Combining list fields with commas in Word documents

In some situations, you might need to generate a list of field values separated by commas in a Word document. For example, you might be creating a simple summary document for each household, with the household name at the top, and the names of the children in the household separated by commas, as in the screenshot below.

The key issue here how to create the list of first names. The household name comes from the Account object, and can easily mapped to a single field in that object. But the list of children comes from the related list of Contact records. The need is to put together a comma-separated list of the first names of the contacts, with the last pair of first names separated by “and”.

Solution #

To make this happen, you will need to use the combine function.

  1. Create a template field with five parts, separated by colons: the Record group name, the name of the sublist field whose values should be combined, the word combine, the default separator (comma in the above example), and the last separator (the word “and” in the above example). Below is a screenshot of the template.

    The parts of the combine field are as indicated below.

  2. When building the merge action, map the fields to the sublist as indicated in the sublists documentation. Note that you don’t have to create a TableStart/TableEnd pair for the sublist. The existence of the “combine” function tells the generator that you need a sublist, with a record group named Members (in this example). So it shows the record group panel, as in the screenshot below.

Examples and usage notes #

Merge field Examples of output Comments
«Members:First name:combine: and » Abraham and Jessica and Maria Since no last separator is specified, the separator value and is used between all the parts.
«Members:First name:combine:-» Abraham-Jessica-Maria The separator used is a minus sign.

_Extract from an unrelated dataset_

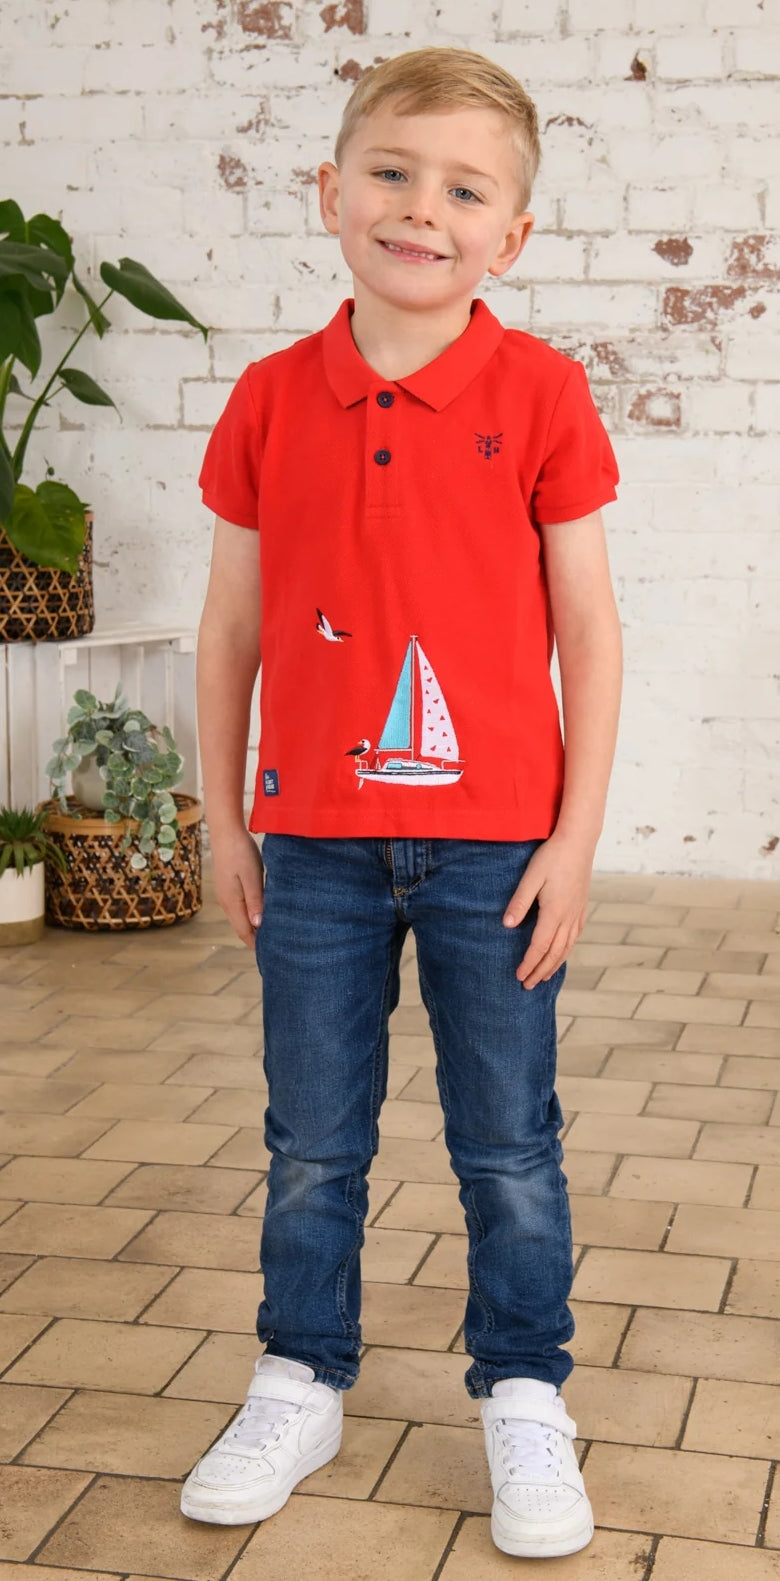 Lighthouse Kids Pier Short Sleeve Pique Polo Shirt - Pillarbox Red / Boat

Some notes to bear in mind:

  • The separator doesn’t always have to be a comma, it can be any text, as shown in the above examples.
  • When using the separator parts, the entire text of the separator, including any spaces, will be used in producing the output text. In “Solution” screenshot above, note the presence of a space after the comma in the separator field, and spaces around the “and” in the last separator field. These produce the necessary spacing after the comma and around the “and” in the example output of the very first screenshot above. See also the examples below.
  • The “last separator” part is optional. If it is omitted, the “separator” text is used between all the generated text values.
  • The bits of text being combined are automatically deduplicated. Thus, in the above example, if there is more than one Contact with the same first name, that first name will appear only once in the combined list.

The Document Generator includes a means for producing sublists. But that is not adequate in the present situation, for two reasons. One, that the sublist mechanism requires the sublist records (the first names, in this case) to appear in a table, a bullet-list, a numbered list, or other similar block. And second, that mechanism doesn’t offer a way to selectively include separators between the data – the separators in this case being the comma and the word “and”.

To address this situation, the Document Generator provides a combine function that can be applied to a single field from a sublist, to produce text with embedded separators.